Decision Date23 September 1963
Docket NumberNo. 30102,30102
Citation192 N.E.2d 459,244 Ind. 515
PartiesElbert EPPS, Appellant, v. STATE of Indiana, Appellee.
CourtIndiana Supreme Court

James R. Martin, Cook, Bayliff, Mahoney & Martin, Curtis W. Roll, Kokomo, for appellant.

Edwin K. Steers, Atty. Gen., Carl E. Van Dorn, David S. Wedding, Deputy Attys. Gen., Indianapolis, for appellee.

MYERS, Chief Justice.

This is an appeal from a conviction of murder in the first degree. Appellant was indicted by the Grand Jury of Howard County, Indiana, for murder while in the perpetration of a robbery, which is declared to be first-degree murder according to the statutes of Indiana (§ 10-3401, Burns' Ind.Stat., 1956 Replacement). He was tried before the Howard Circuit Court by a jury, found guilty and sentenced to life imprisonment. A motion for new trial was filed, which was overruled. This appeal followed.

The assignment of errors alleges error in that the court overruled the motion for new trial, overruled the motion to be discharged for lack of prosecution, and admitted over objection certain evidence at the hearing on the motion to discharge.

The Argument section of appellant's brief is divided into seven specifications which incorporate statements of error set forth in the motion for new trial and in the assignment of errors.

Specification I claims that the court erred in overruling the appellant's motion to discharge for lack of prosecution and in allowing certain evidence to be admitted over objection in the hearing on this motion.

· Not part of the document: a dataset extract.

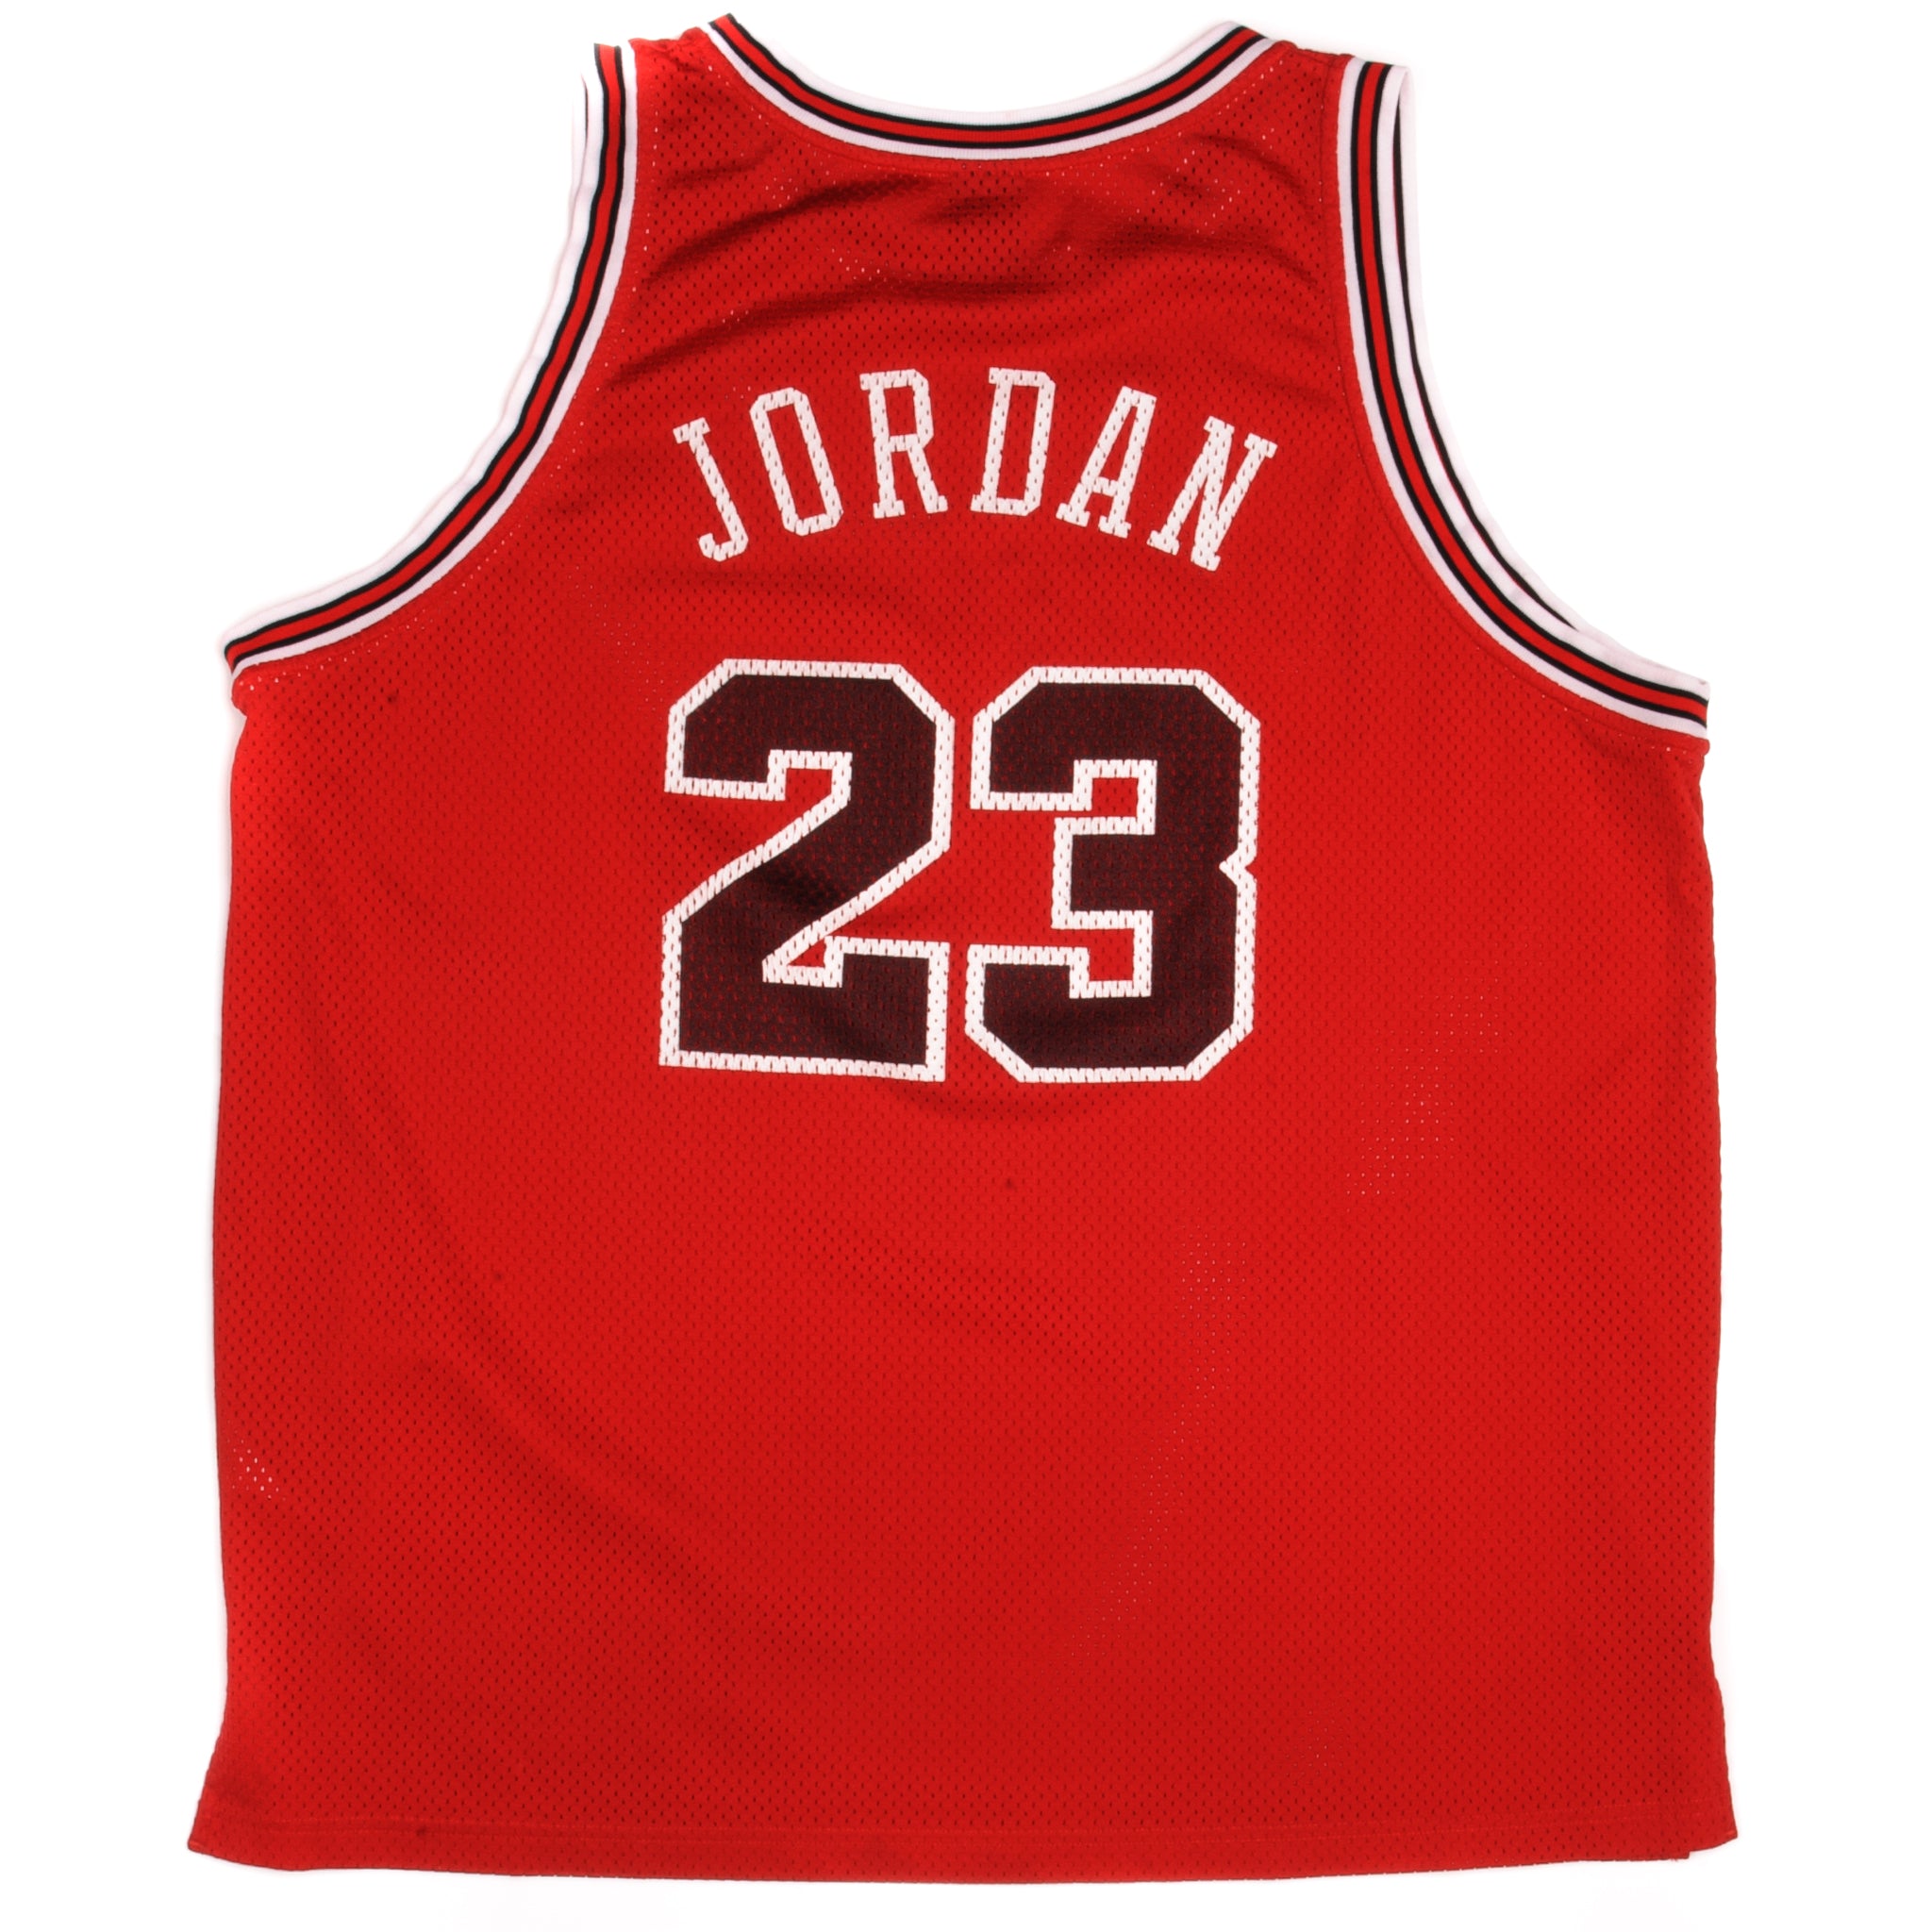 Jordan, Shirts, Mens Jordan Jersey Size Medium Air Jordan Basketball  Casual Summer

The facts relating to this are as follows: Appellant was placed under arrest on November 6, 1959, which was the 47th judicial day of the September Term of Court, 1959. The terms of the Howard Circuit Court commence on the second Mondays of January, April and September, to continue as long as necessary (§ 4-332, Burns' Ind.Stat., 1946 Replacement). Appellant was confined in the Howard County Jail during the remainder of the September Term, 1959, the January Term, 1960, and through the April Term, 1960, until the September Term, 1960, when he was tried on October 17, 1960, and sentenced on November 16, 1960. He claims this to be in violation of his constitutional and statutory rights.

Art. 1, Sec. 12, of the Constitution of Indiana provides that a person charged with a crime has the right to be tried 'speedily, and without delay.' This section has been implemented by statute which says, in part, as follows:

'And no defendant shall be detained in jail, without a trial, on an indictment or affidavit, for a continuous period embracing more than two terms after his arrest and commitment thereon; or if he was in jail at the time the indictment was found or affidavit filed, more than two terms after the term at which the indictment was found or the affidavit first filed; except where a continuance was had on his motion, or the delay was caused by his act, or where there was not sufficient time to try him during such terms: * * *.' § 9-1402, Burns' Ind.Stat., 1956 Replacement.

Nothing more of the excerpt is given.